President of Austria
- In office 8 July 1974 – 8 July 1986
- Chancellor: Bruno Kreisky Fred Sinowatz Franz Vranitzky
- Preceded by: Franz Jonas
- Succeeded by: Kurt Waldheim

Minister of Foreign Affairs
- In office 21 April 1970 – 24 June 1974
- Chancellor: Bruno Kreisky
- Preceded by: Kurt Waldheim
- Succeeded by: Erich Bielka

Personal details
- Born: 20 March 1915 Niederkappel, Upper Austria, Austria, Austro-Hungarian Empire
- Died: 30 March 2000 (aged 85) Vienna, Austria
- Spouse: Herma Sorger ​(m. 1940)​
- Children: 2
- Alma mater: University of Vienna (Dr. iur.)
- Profession: Diplomat; politician; judge;

= Rudolf Kirchschläger =

President of Austria from 1974 to 1986

Rudolf Kirchschläger (/de/; 20 March 1915 – 30 March 2000) was an Austrian diplomat, politician and judge. From 1974 to 1986, he served as the president of Austria.
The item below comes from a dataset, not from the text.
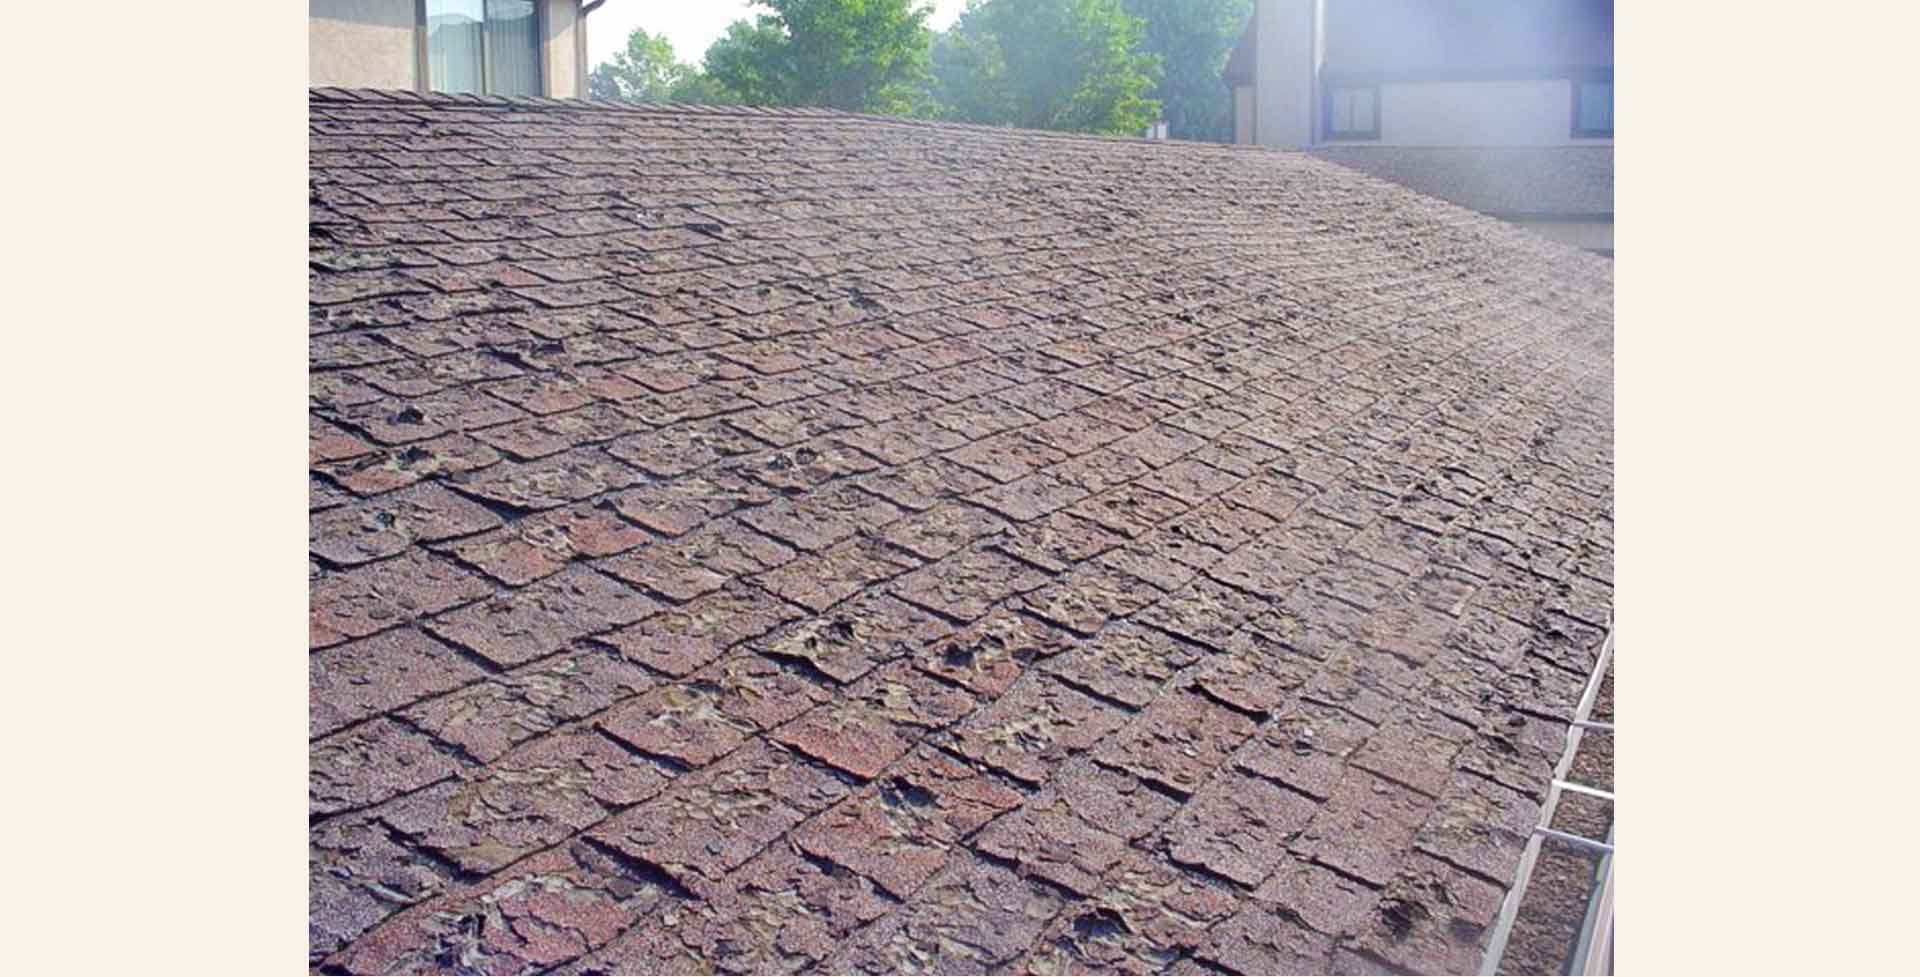 Roof with shingles peeling
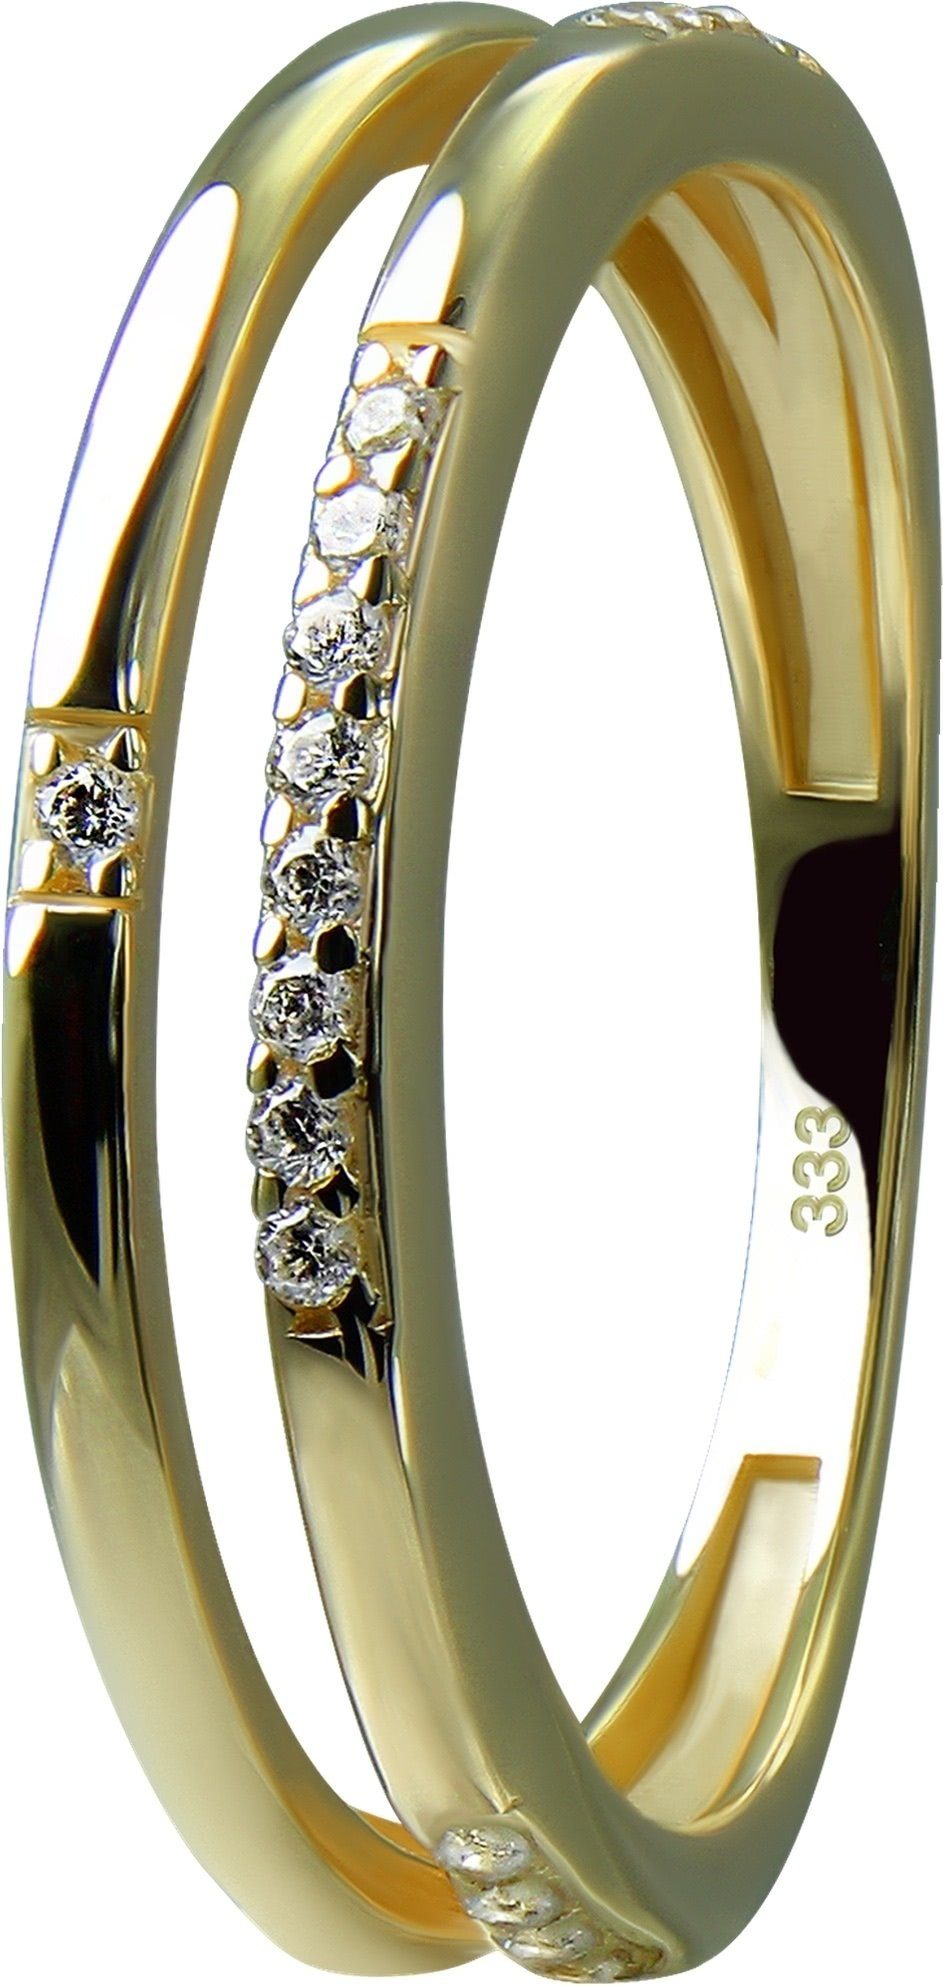 GoldDream Goldring GoldDream Gold Ring Double Gr.58 (Fingerring), Damen Ring Double 333 Gelbgold - 8 Karat, Farbe: gold, weiß

==Early life and education==
Born in Niederkappel, Upper Austria, Kirschläger was orphaned at the age of 11. He graduated from high school in Horn in 1935 with distinction and started to study law at the University of Vienna. However, after the Anschluss of Austria in 1938, he had to give up his studies. Upon refusing to join the NSDAP, his scholarship was revoked and Kirchschläger could not finance his studies any longer. Kirchschläger worked as a bank clerk in 1938 until he was drafted to service in the infantry of the Wehrmacht in the summer of 1939. Kirchschläger fought as a soldier from the very beginning of the war, first during the invasion of Poland, later on the Western Front, and after 1941 against Russia on the Eastern Front.

In late 1940, in order to get out of the military, he used a two-month front-leave to prepare for the final exam (Staatsexamen) of his law studies. Subsequently, he passed the exams and graduated to Doctor iuris.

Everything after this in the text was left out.